Both books add new content. Walter’s work contains a long-standing attack on the U.S. foreign policy community, and in several chapters he paints a dark picture of a clergyman plagued by multiple diseases who is leading the nation astray. At the same time, Mearsheimer turned to political theory, exploring the relationship between liberalism, nationalism, and realism. He argued that liberalism could not change or abolish nationalism and realism, and that where the three met, the latter two would triumph over the former. (Although he took pains to emphasize that he was talking about liberalism in the classical sense rather than liberalism as understood in American politics, his repeated attacks on “social engineering” suggest that he was referring to liberalism in both senses. For Mearsheimer, the analysis of the three doctrines ultimately provides an alternative path to conclude that the strategy of liberal hegemony is doomed to failure, and that the United States has in fact failed.

Both authors make some valid points. But their book does not distinguish between obvious mistakes (such as the Iraq War) and flawed outcomes due to imperfect choices, which are common in a matter as messy as foreign policy. They focus on irony, exaggerate interventions, and downplay the institution-building that has been a more enduring and pervasive feature of U.S. post-Cold War policy. What is most disappointing, however, is that the authors do not really engage either in the new debates that are currently occupying the attention of the foreign policy community, or in the thorny questions about the future of U.S. strategy.

Mistrust and the “Foreign Policy Establishment”

Walt and Mearsheimer have long been regular contributors to foreign policy debates. Leaving aside their joint polemic on U.S.-Israeli relations, published in book form in 2007, the two offer a certain out-of-the-box approach that is crucial to the public debate, prompting advocates of a forward-looking foreign policy to polish their views, consider their mistakes, and confront the difficult issues they would prefer to gloss over. In this new book, Mearsheimer argues extremely forcefully that there are too many liberal internationalists who cannot compete with the enduring forces of nationalism and identity. Recent history has shown him to be more right, and the U.S. foreign policy community to be even more wrong. On this and many other issues, foreign policy practitioners should listen more fully to the views of these scholars (and the academic community as a whole) and consider their opinions more fully, even if they ultimately do not adopt them. By the same token, these scholars (and the profession as a whole) should also assume that policymakers are credible, honest, and pragmatic, even if they find their decisions to be flawed.

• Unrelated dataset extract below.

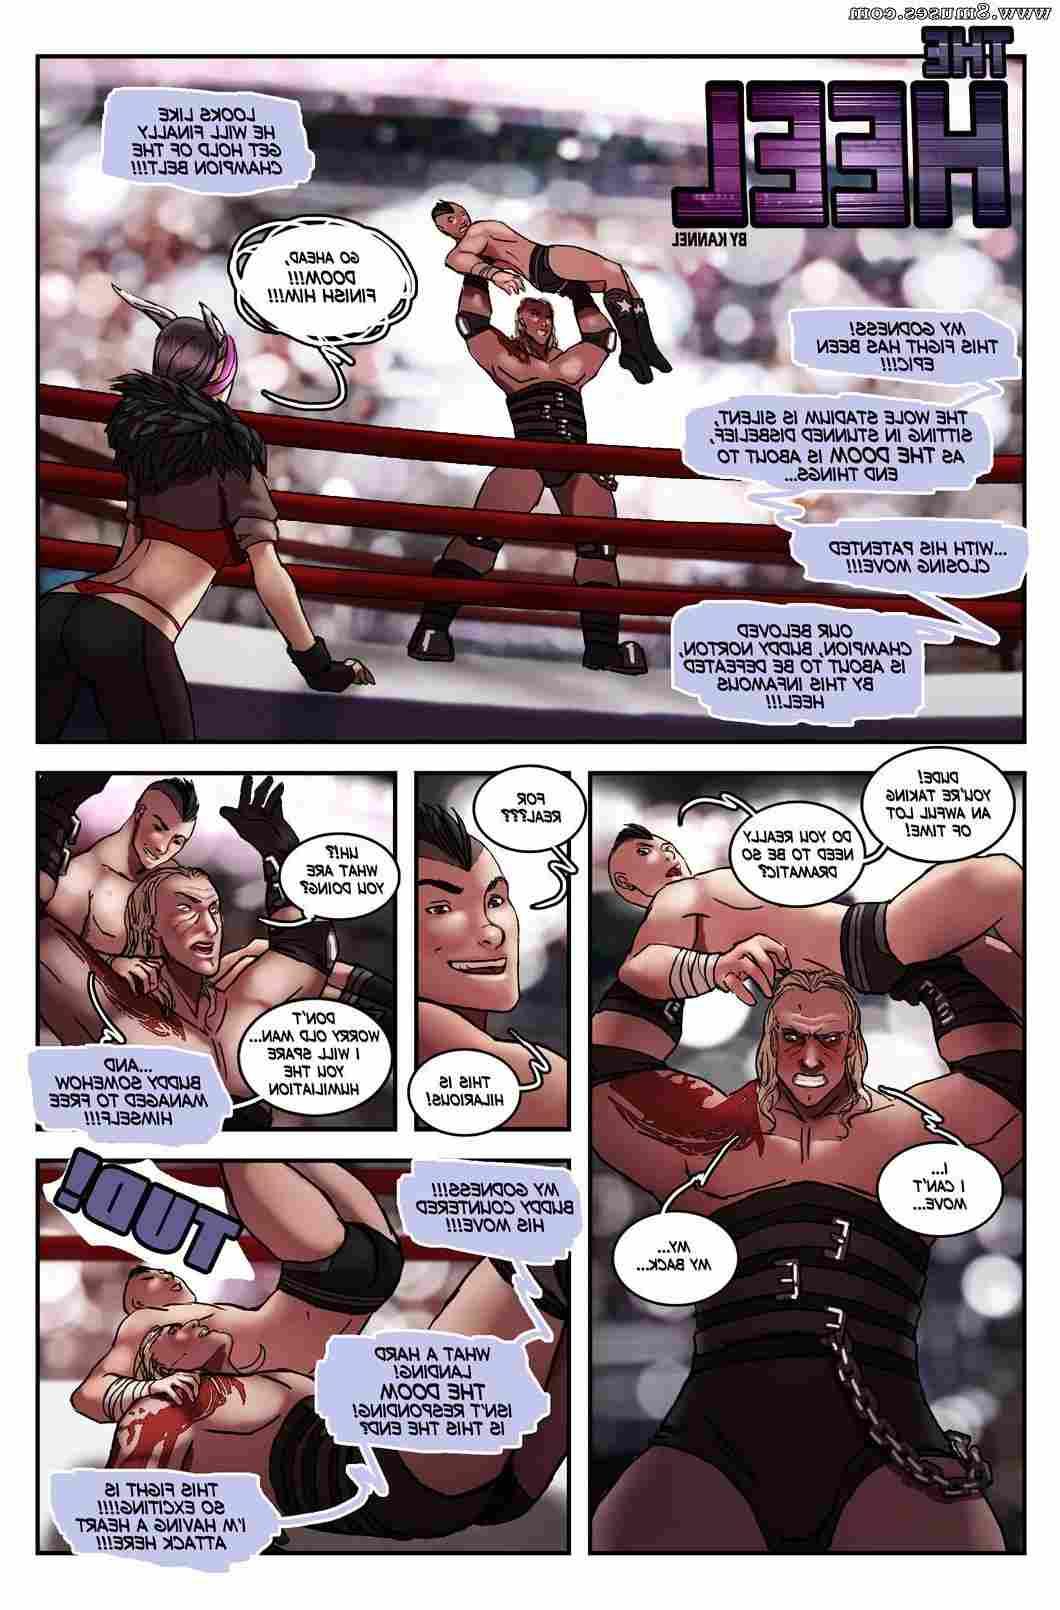 TG-Comics/Kannel/The-Heel The_Heel__8muses_-_Sex_and_Porn_Comics.jpg

This is why Walter’s new argument is so troubling. It is hard to think of a broader definition of the “foreign policy community,” the target of Walt’s contempt, as “individuals and organizations that are regularly and actively engaged in international affairs. But then Walt lists a litany of think tanks, advocacy organizations, foundations, and specific individuals who collectively make up the foreign policy establishment, a term originally coined by Ben Rhodes, the Obama administration’s former deputy national security adviser, but frequently quoted and referred to by Walt. So while the word “well-intentioned” appears in the title of his book, he doesn’t really think so. With the obligatory clause that most foreign policy experts are true patriots, Walt focuses on the key motivations for their decisions.

The busier the U.S. government is abroad, the more jobs there will be for foreign policy experts, the greater the share of the nation’s wealth used to solve global problems, and the greater their potential influence. A more restrictive foreign policy would leave the entire foreign policy community with nothing to do and diminish its status and importance, and might even lead some philanthropists to reduce funding for their subjects. In this sense, liberal hegemony and constant global activism constitute a full employment strategy for the entire foreign policy community.

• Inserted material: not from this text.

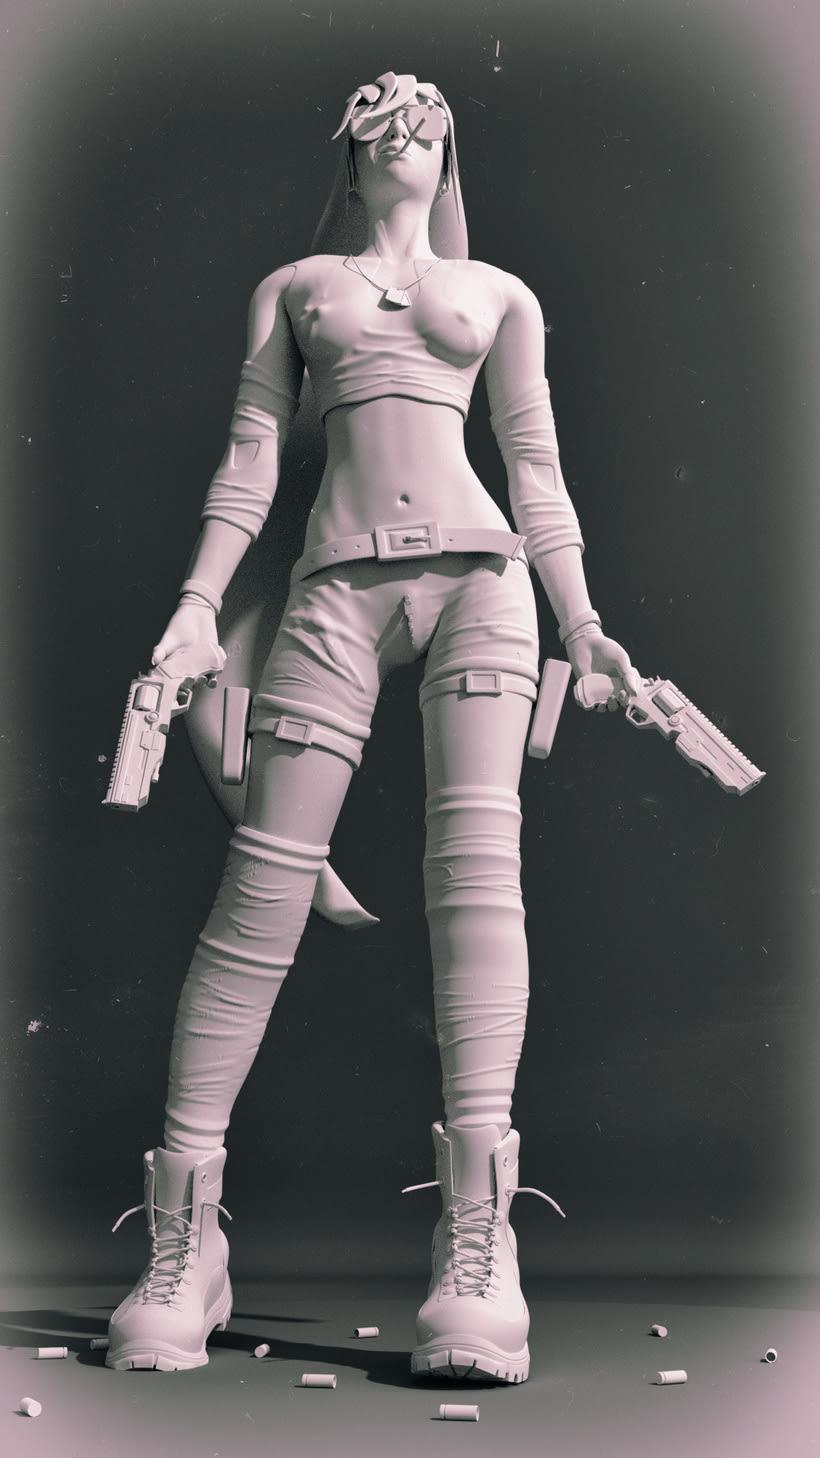 Blender Sculpt - GunGirl 1

Full disclosure: Walter will be reserving a place for me in this group, so I cannot be completely objective in my analysis of his personal allegations. But experience and common sense tell me that this is wrong. Walter has not worked in the Pentagon, the ministries of state, or the observatory with diplomats, public officials – yes, politicians – who sincerely believe that an active foreign policy can achieve the national interest as well as the world’s Peace and progress. If he had done so, I would have been convinced that he would have changed his mind about what was driving these officials.

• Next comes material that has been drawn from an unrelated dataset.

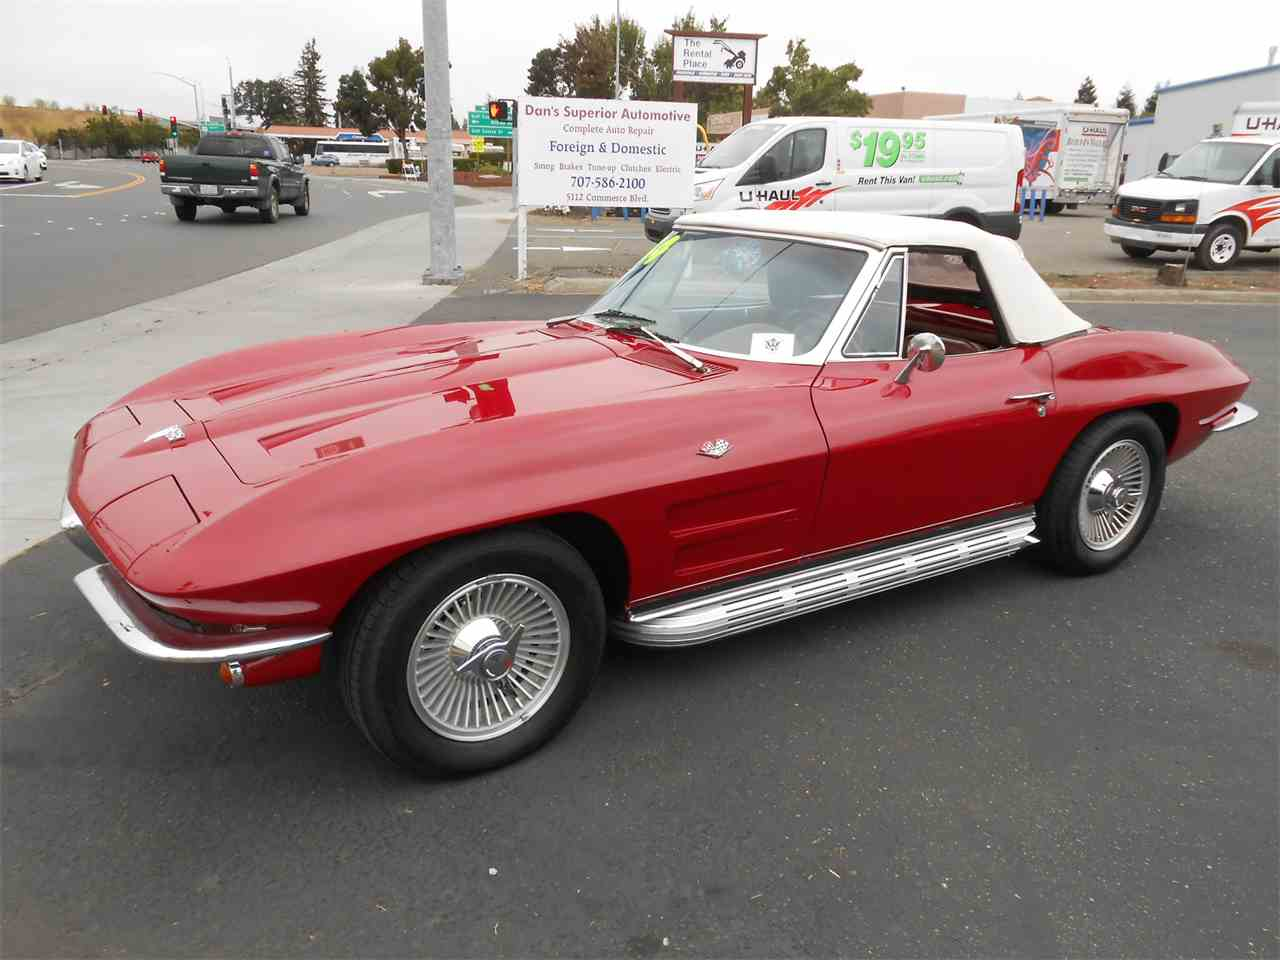 Corvette 1964 chevrolet corvette : 1964 Chevrolet Corvette for Sale | ClassicCars.com | CC-931355

It is true that people are often biased about government actions, but Walt should understand how much foreign policy practitioners struggle with decisions and how seriously they debate the merits of doing more, doing less, or doing something else entirely. Contrary to his assertions, he would surely be surprised by the seriousness with which the Washington administration would listen to unorthodox viewpoints, including Walter’s own regarding the withdrawal of troops from the Middle East. His proposals did not become policy, not because they were not considered. He will find evidence that the chain of causation runs in the opposite direction to his assumptions: policymakers do not push a more ambitious program because foreign policy is their cause, and they make foreign policy a cause because they believe it will fulfill their ambitions. Pragmatists do themselves no favors by satirizing academic critics, and vice versa.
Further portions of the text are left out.